(c) 2011 Joan M. Newcomb
I think there's a quote by Nelson Mandela, who spent most of his adult life imprisoned in South Africa, that you are only as free as your mind.
You can be under enormous physical restrictions, but you as Spirit are always free.
This morning, someone on Facebook who lives in Israel, posted a link for 25 ways to tie a scarf.* I was giving myself some down time. It led me to looking for boots and then discovering an older post on a protest at the White House next weekend. I'm currently 10 miles from the White House! I could go there in my fashionably tied scarf and my yet-to-be-purchased boots!
Except that I couldn't leave my mother unattended for that amount of time. She'll go scampering around her kitchen without her walker, fall and break her hip, and we'll end up back in the hospital, this time with something operable on top of recovering from radiation treatment for lung cancer. Shoot me now.
This reminds me of when I was a new mother at 27. I was used to dogs, but having a small person dependent on me was a tough adjustment. Many times I wished I could have left the baby on the kitchen floor on newspaper with a bowl of water.
But as many people know, new motherhood is more than the lack of sleep and dirty diapers. Elder care is, too. There's a deeper, spiritual experience going on, whether you're ushering in a new life and helping that Being inhabit a new body and incorporate into the physical, or ushering them our as they're slowly (or quickly) dis-incorporating.
I'm only as free as my thoughts. Maybe I *can* leave my mother for a few hours on Sunday and she'll be okay. Or maybe being in LaFayette Square isn't as important as looking through family photos that afternoon.
Whatever your restrictions are, they don't define you. If you're unemployed, if you'rer divorcing, if you're grieving, that isn't who You are, it's the rich and juicy experience you're going through.
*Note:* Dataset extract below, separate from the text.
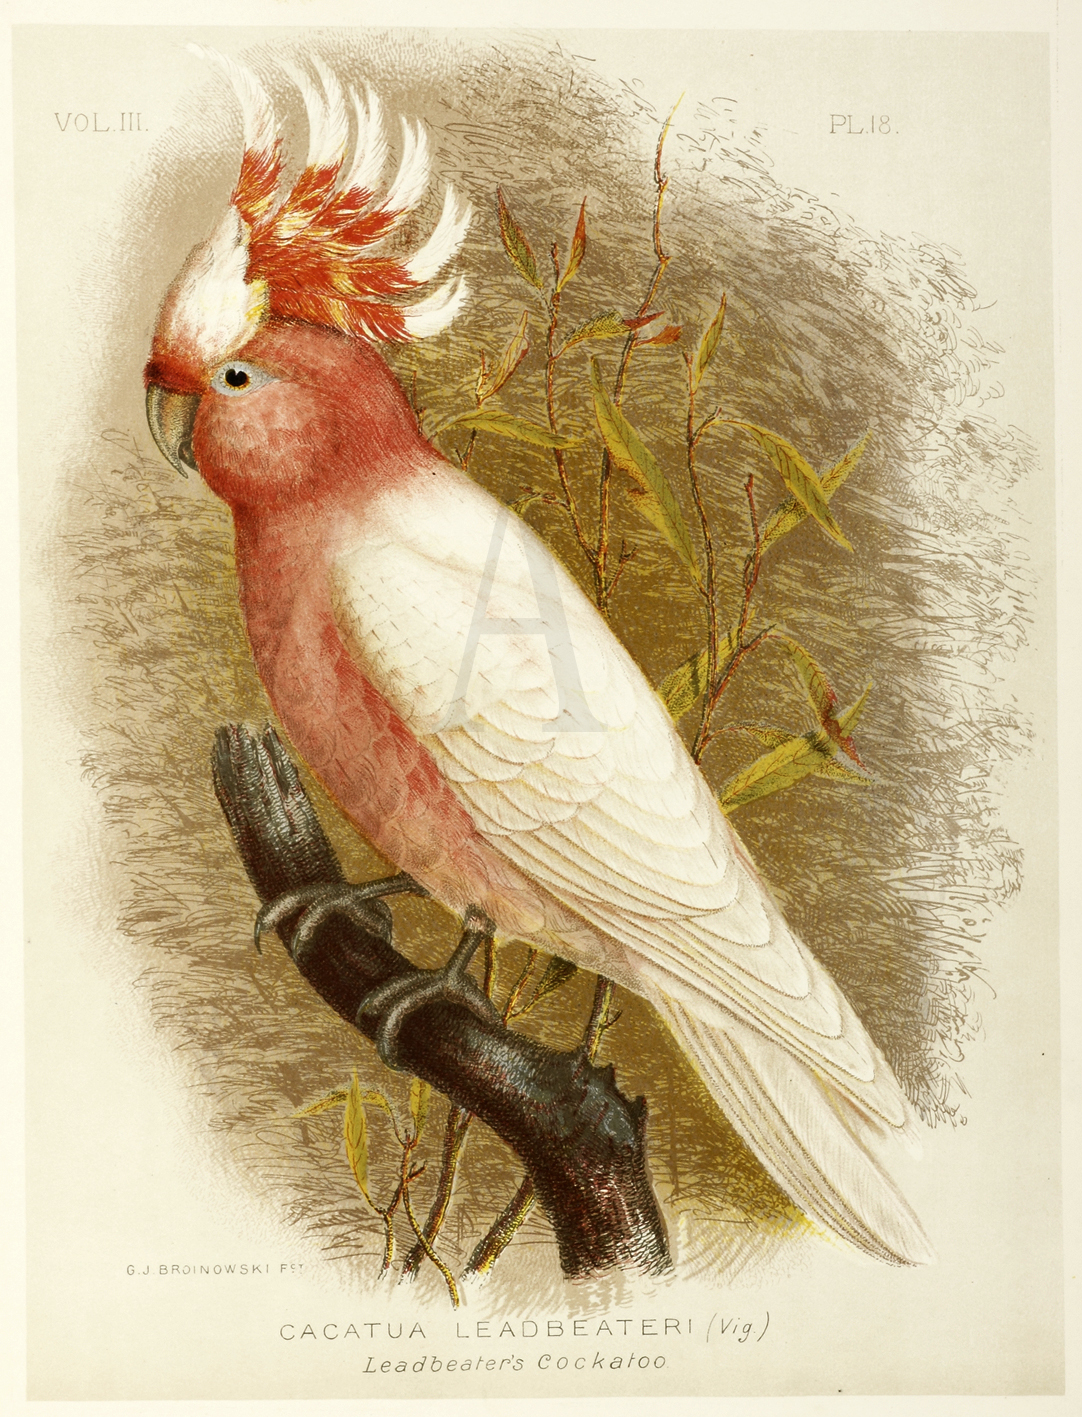 Cacatua Leadbeateri. Leadbeater's   cockatoo. - Antique Print from 1889

No matter how small or constricted you feel you are, you are always INFINITE. --I just wrote that sentence while sitting at Starbucks on Connecticut Ave. in the District, and a little toddler in bright pink stopped slurping her apple juice and stared intently at me. Yup. INFINITE.
When you remember You are Infinite, then you no longer struggle against you're restrictions, since You created them. Nothing is happening to you. "They" aren't doing it deliberately... although it is deliberately happening insomuch as you've popped it into your reality.
Your freedom is how to react or respond. You're freedom is your inner repose.
Many years ago, going through my divorce, I stood on a beach and intensely grieved the loss of my house and land, where I'd given birth to my children and buried my pets. I'd felt like I was a Steward of the land, I'd grown a co-creative garden with Nature there. Instantly I flashed on the realization that I'm a Steward of the whole *world*, every tree and park is Mine.
I'd lost my property and gained the world.
What restrictions are you bumping up against? What impositions are you resisting?
This week, turn it around and turn within. The conflict out there isn't Real. Those that seem so powerful are actually powerless. As Essence you are creating it all.
Give yourself moments, mental mini-breaks. There is infinite freedom in a moment staring out the window or enjoying sunlight filtered through autumn leaves.
Try this, whenever you think of it, for this week. And see what happens!
*BTW, nothing is ever what it seems on the surface. After watching the scarf-tying video this morning, I looked at a 'tutorial' given, and imagined that Wendy was raised by people who recognized her specialness, she reflected such joy and ease in her videos. Nothing was further than the truth - Wendy was a foster-care kid, carrying her belongings in a plastic bag and fearing she'd be homeless on leaving the system when she reached 18. Freedom comes out of restriction, too.
1 comment:
I remember when I was young and all the dreams that seemed so real to me. Now that I am older my choices in life seem imaginary and fleeting. Though it all I believed that I had a choice. Let's hope I chose well!